И Дима с Женькой – те стоят. Рядом. Рослые. Только один в комплекции, другой – тощий: каши мало в детстве ел – про второго первый говорит так. Тоже о чём-то, поди, думают. Они-то, ладно, никого пока из своих, немощных, горевать в одиночестве надолго не оставили. В иных тревогах.

Собака, бомжиха, пожилая, с вислыми ушами и хвостом, с беспристрастным, как у судьи, взглядом, с сиреневыми проплешинами по спине, серой, как у волка, поношенной, рубашки, привстав на задние лапы, с головой в урну с мусором сунулась, пакет полиэтиленовый оттуда извлекла и подалась с ним в зубах, как со щенком, от нас подальше, но неспешно; повалилась в траву под акацией, пакет меж лап под мордой положила, но пока его не трогает – то ли кого-то поджидает, с кем ей надо будет честно – по любви, по иерархии ли – поделиться, то ли просто с удовольствием в пакет забраться не торопится – толк в своей бродячей жизни знает.

– Погода завтра начнёт портиться, – говорит Дима. Без интонации – как об обыденном, о безразличном будто – по-крестьянски.
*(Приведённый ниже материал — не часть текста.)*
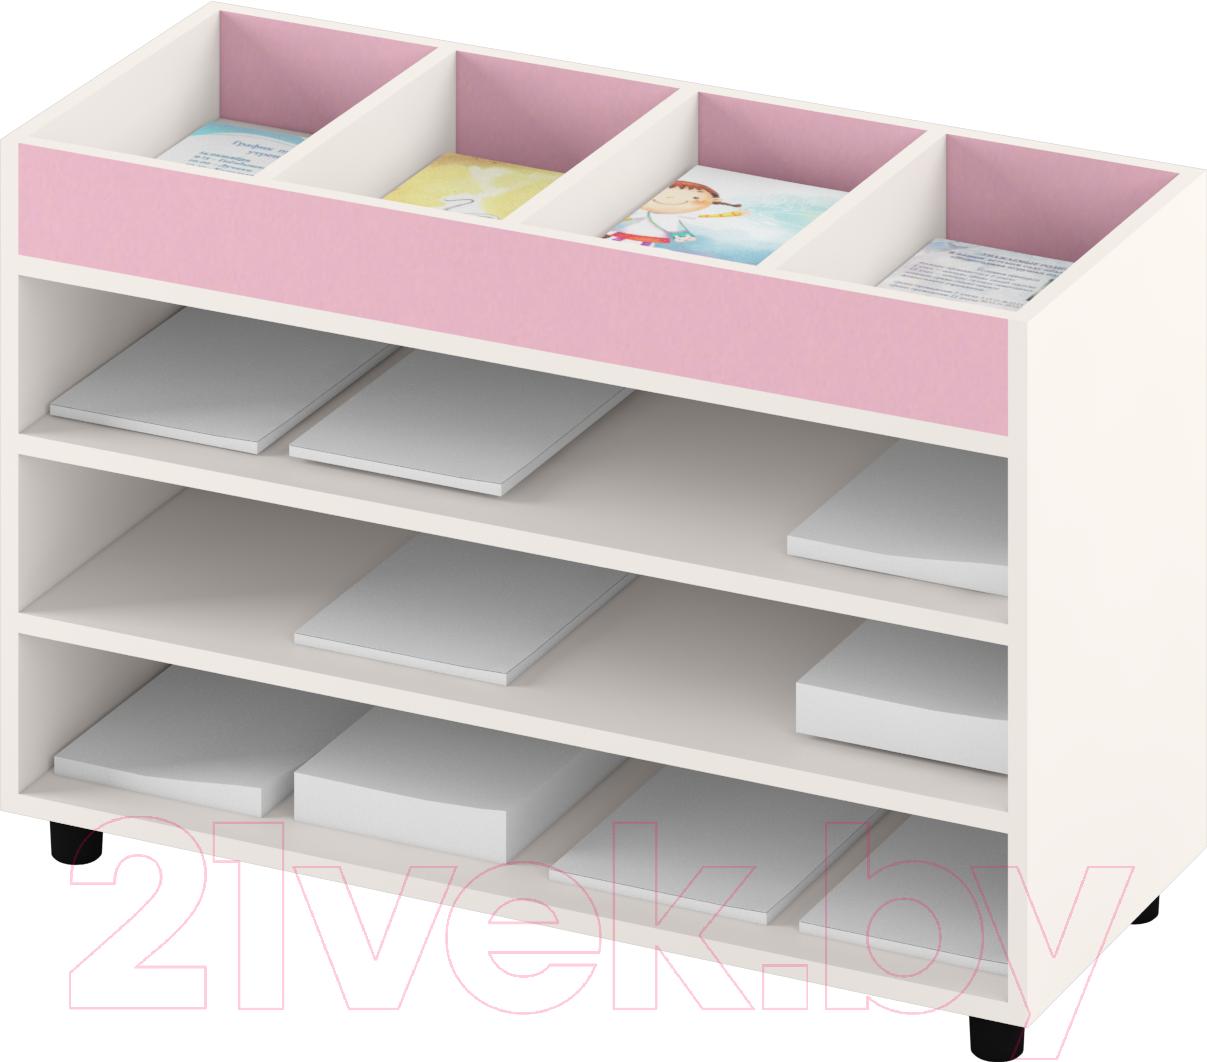 Купить Система хранения Славянская столица, ДУ-СМ5 (белый/розовый), Беларусь

Смотрел он только что сквозь клуб выпущенного им из себя табачного дыма на пылающий горизонт, пристально и с грустью, после просеменил глазами весело по мне, теперь уже по сторонам блуждает ими. – Похоже, завтра и испортится. Как пить дать, – говорит. И говорит: – Девки вон с тобой поедут. Хорошенькие. Всё, что положено, при них. Фигуристые. Как рюмки. Одна из них – как контрабас – дак та особенно… с мешком зелёным – с рюкзачишком…

– Тлеешь в похотях прелестных.

– Ну уж. Я – по-отцовски… Штанишки нравятся на них – смешные… Как пионерки. Может, пионервожатым к себе возьмут?

– Напросись.

– Да и мордахи, глянь-ка, милые. Сколько их, долгоногих, развелось – вроде и радует, и беспокоит… В наше время таких не было. Или в башке у нас опилки были, а через них кого увидишь… Ещё одежда много значит… Кольца в пупах – привязывать кого-то… или – к кому-то?.. И чем их кормят? От молока да картошки такими не бывают… Куда едут, зачем едут? Оставались бы… Женька ещё вон не женатый…

– Ага, о Женьке озаботился.

– О ком ещё… Поедешь, к ним не приставай, а то… я знаю.

– По себе, – говорю, – не суди.

– А ты другой, ты марсиянин?.. Эх, до Исленьска, что ли, прокатиться?.. – Сигарету докурил Дима, окурок метко в урну бросил, другую достал, не вынимая из кармана пачки, помял её, сигарету, в пальцах, от спички прикуривает – ветра нет – не заслоняет. Коробок спичечный в руке всё время держит – чтобы, хлопая по всем карманам, не искать его каждый раз долго. – С уборочной… дожди направятся – прибьют, снег ли повалит… не успею. А-а… Не до жиру, быть бы живу. Верно?.. Есть листвяжок на Подъяланке – продам – от покупателей пока отобою нет… И сосняжок на Богоданном. Пусть вырубают – нарастёт…

– Осинник, – говорю.

– Ну, чё, сначала и осинник – всегда так… Людей-то надо чем-то выручить – живут без денег… Я про колхозников своих, – говорит Дима. – Застрелят они меня… или утопят… И никто не узнает, где могилка моя… Точно – испортится погода.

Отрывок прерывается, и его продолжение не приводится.